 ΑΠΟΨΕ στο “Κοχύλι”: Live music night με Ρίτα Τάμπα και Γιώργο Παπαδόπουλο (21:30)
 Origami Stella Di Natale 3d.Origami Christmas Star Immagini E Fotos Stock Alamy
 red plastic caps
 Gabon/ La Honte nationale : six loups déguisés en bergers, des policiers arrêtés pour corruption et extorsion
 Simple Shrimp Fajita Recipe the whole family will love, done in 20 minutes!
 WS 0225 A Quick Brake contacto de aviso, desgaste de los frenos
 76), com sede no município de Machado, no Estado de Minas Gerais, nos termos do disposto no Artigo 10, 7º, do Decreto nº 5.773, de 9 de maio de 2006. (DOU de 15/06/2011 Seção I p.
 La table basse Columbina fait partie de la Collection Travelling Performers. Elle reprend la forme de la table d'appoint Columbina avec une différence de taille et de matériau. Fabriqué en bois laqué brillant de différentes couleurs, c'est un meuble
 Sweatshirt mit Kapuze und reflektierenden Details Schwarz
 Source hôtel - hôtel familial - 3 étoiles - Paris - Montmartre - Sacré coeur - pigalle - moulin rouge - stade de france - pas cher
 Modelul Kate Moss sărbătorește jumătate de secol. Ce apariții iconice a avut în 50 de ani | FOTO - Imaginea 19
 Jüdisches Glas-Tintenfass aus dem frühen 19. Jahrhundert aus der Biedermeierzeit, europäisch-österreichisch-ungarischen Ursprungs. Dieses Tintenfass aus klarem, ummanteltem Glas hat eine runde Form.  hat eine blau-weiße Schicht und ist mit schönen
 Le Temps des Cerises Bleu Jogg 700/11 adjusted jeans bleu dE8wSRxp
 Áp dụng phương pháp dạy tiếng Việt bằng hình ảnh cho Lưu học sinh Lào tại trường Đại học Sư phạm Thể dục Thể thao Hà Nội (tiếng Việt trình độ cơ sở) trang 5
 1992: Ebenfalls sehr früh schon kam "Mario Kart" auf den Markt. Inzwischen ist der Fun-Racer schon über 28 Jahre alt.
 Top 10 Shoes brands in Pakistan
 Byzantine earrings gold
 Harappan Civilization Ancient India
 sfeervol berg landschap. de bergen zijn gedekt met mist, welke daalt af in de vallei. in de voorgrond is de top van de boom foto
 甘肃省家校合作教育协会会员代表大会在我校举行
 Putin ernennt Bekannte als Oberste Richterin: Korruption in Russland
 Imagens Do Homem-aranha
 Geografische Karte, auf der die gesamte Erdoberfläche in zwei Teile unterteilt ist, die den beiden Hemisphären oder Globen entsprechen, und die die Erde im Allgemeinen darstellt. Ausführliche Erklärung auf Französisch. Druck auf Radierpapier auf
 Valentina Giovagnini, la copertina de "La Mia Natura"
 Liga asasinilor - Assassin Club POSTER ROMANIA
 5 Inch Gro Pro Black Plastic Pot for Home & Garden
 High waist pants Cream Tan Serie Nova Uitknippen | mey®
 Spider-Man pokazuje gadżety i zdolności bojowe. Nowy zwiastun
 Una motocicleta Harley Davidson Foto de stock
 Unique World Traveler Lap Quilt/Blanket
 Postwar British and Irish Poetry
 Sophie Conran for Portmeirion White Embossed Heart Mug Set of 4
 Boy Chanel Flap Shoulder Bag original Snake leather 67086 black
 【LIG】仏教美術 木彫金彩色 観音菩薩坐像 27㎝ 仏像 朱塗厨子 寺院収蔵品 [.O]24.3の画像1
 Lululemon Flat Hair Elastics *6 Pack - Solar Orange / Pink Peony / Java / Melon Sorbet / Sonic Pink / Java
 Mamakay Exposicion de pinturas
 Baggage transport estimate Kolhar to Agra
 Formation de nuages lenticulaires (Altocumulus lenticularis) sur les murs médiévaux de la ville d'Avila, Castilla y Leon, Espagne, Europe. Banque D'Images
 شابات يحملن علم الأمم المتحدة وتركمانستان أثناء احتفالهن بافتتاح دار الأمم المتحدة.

## What is expected
Copy the stretch of the records above that runs from the line with "Source hôtel - hôtel" through the line with "Modelul Kate Moss". Both end lines belong in the copy, and nothing else does.

## Solution to this exercise
 Source hôtel - hôtel familial - 3 étoiles - Paris - Montmartre - Sacré coeur - pigalle - moulin rouge - stade de france - pas cher
 Modelul Kate Moss sărbătorește jumătate de secol. Ce apariții iconice a avut în 50 de ani | FOTO - Imaginea 19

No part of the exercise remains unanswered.